2006 hat die vielfach von jungen Mitgliedern der VVN-BdA ins Leben gerufene Basisorganisation »8. Mai« vorgeschlagen, den in Russland und anderen Nachfolgestaaten der Sowjetunion gefeierten Tag des Sieges, den 9. Mai, ebenso zu begehen. Unterm Motto »Wer nicht feiert, hat verloren« gibt es seitdem am 9. Mai auf dem Parkplatz am Treptower Rosengarten und seit 2016 am Südeingang des Sowjetischen Ehrenmals ein abwechslungsreiches Festprogramm. Der Leitgedanke: »Solidarität statt Nationalismus«. Auch in Berlin lebende ehemalige Sowjetbürger verfolgten mit großer Anteilnahme die auf Deutsch und Russisch moderierten Veranstaltungen.

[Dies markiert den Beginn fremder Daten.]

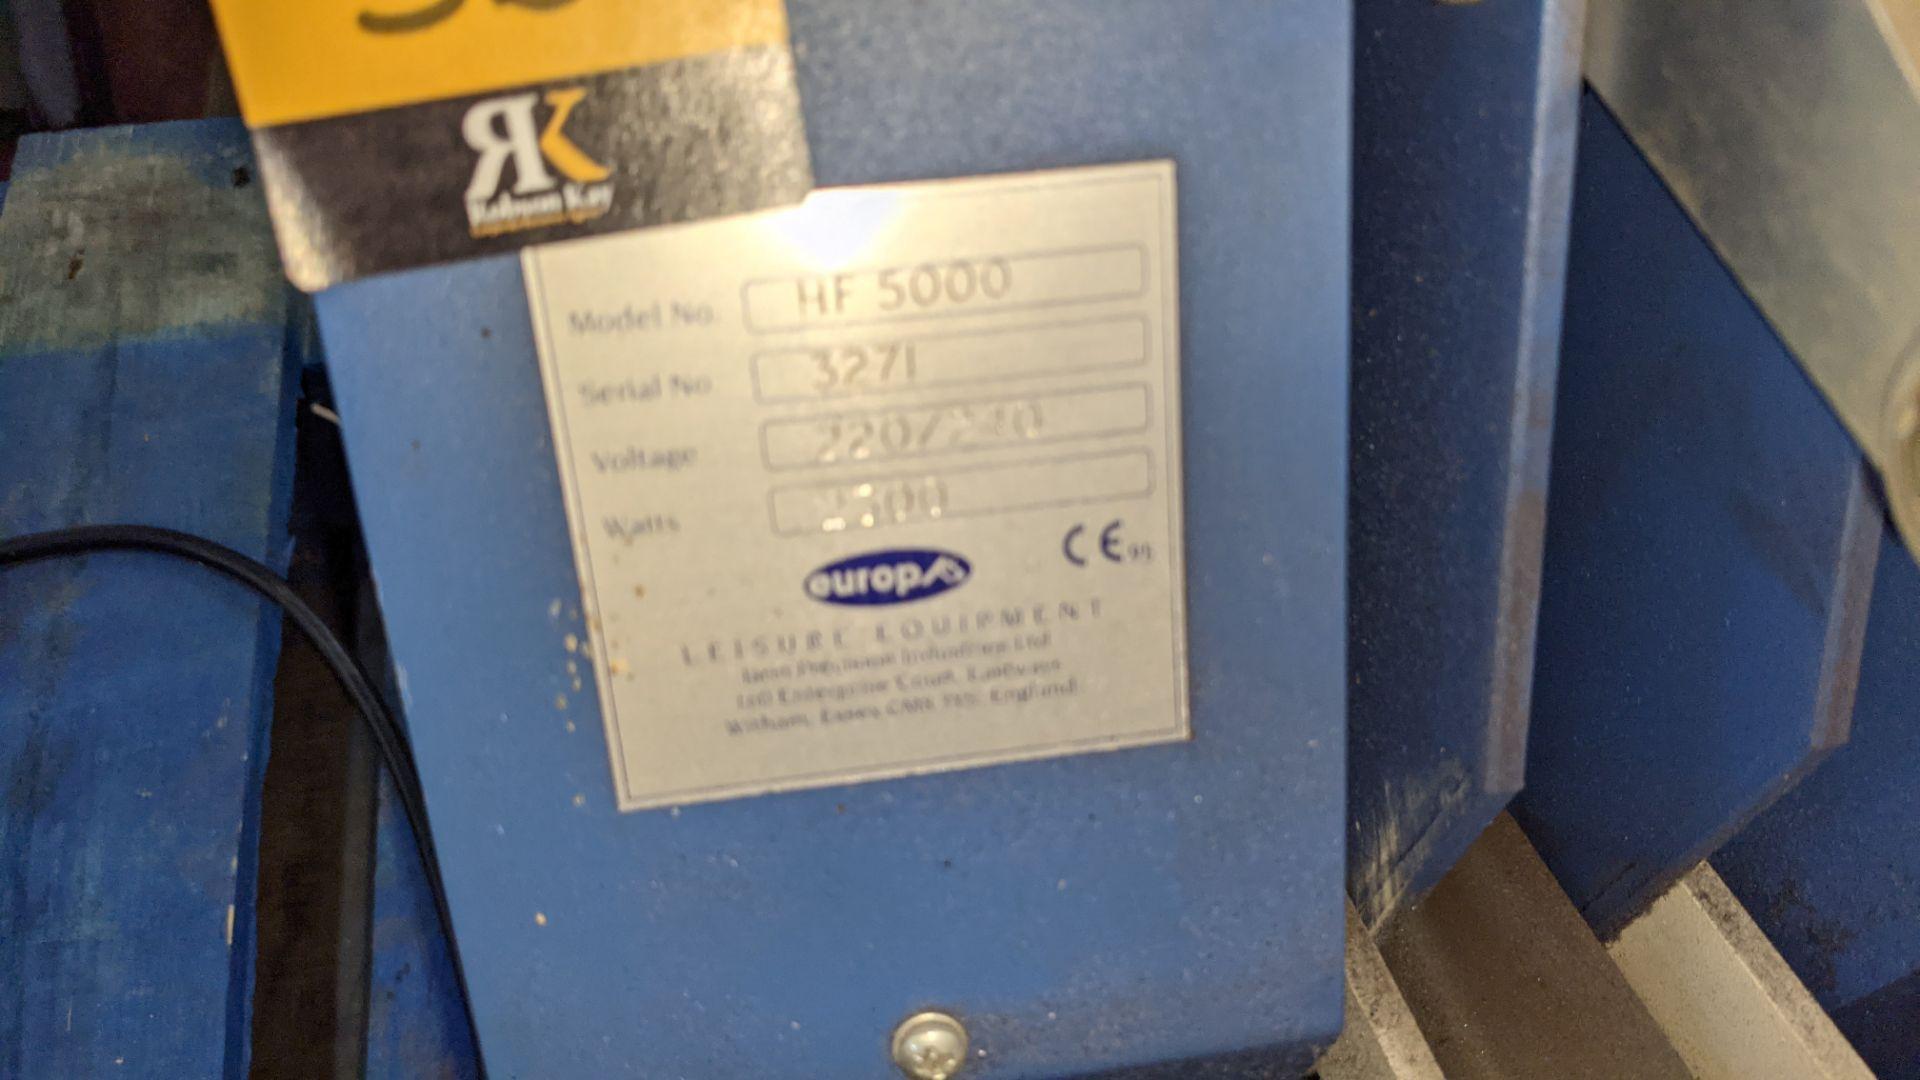 Europa Jarin benchtop heat transfer press model HF5000 - Image 11 of 13

Für 2020 hat der Berliner Senat beschlossen, den 75. Jahrestag der Befreiung, den 8. Mai, als gesetzlichen Gedenk- und Feiertag zu begehen und mit umfangreichen Kulturangeboten zu begleiten. Letzteres verhindert nun leider das Coronavirus. VVN-BdA ruft deshalb die Bürger und Bürgerinnen auf, wegen der Kontakt- und Ausgangsbeschränkungen bereits in den nächsten Tagen in kleinen Gruppen Stätten der Erinnerung an die Befreier vom Faschismus aufzusuchen und Blumen niederzulegen. Und darüber hinaus die von der Auschwitzüberlebenden Esther Bejarano gestartete Unterschriftensammlung, den 8. Mai zum Feiertag in ganz Deutschland zu erheben, zu unterstützen. Über 54 000 Menschen haben diese bereits unterzeichnet, 75 000 sind unser Ziel.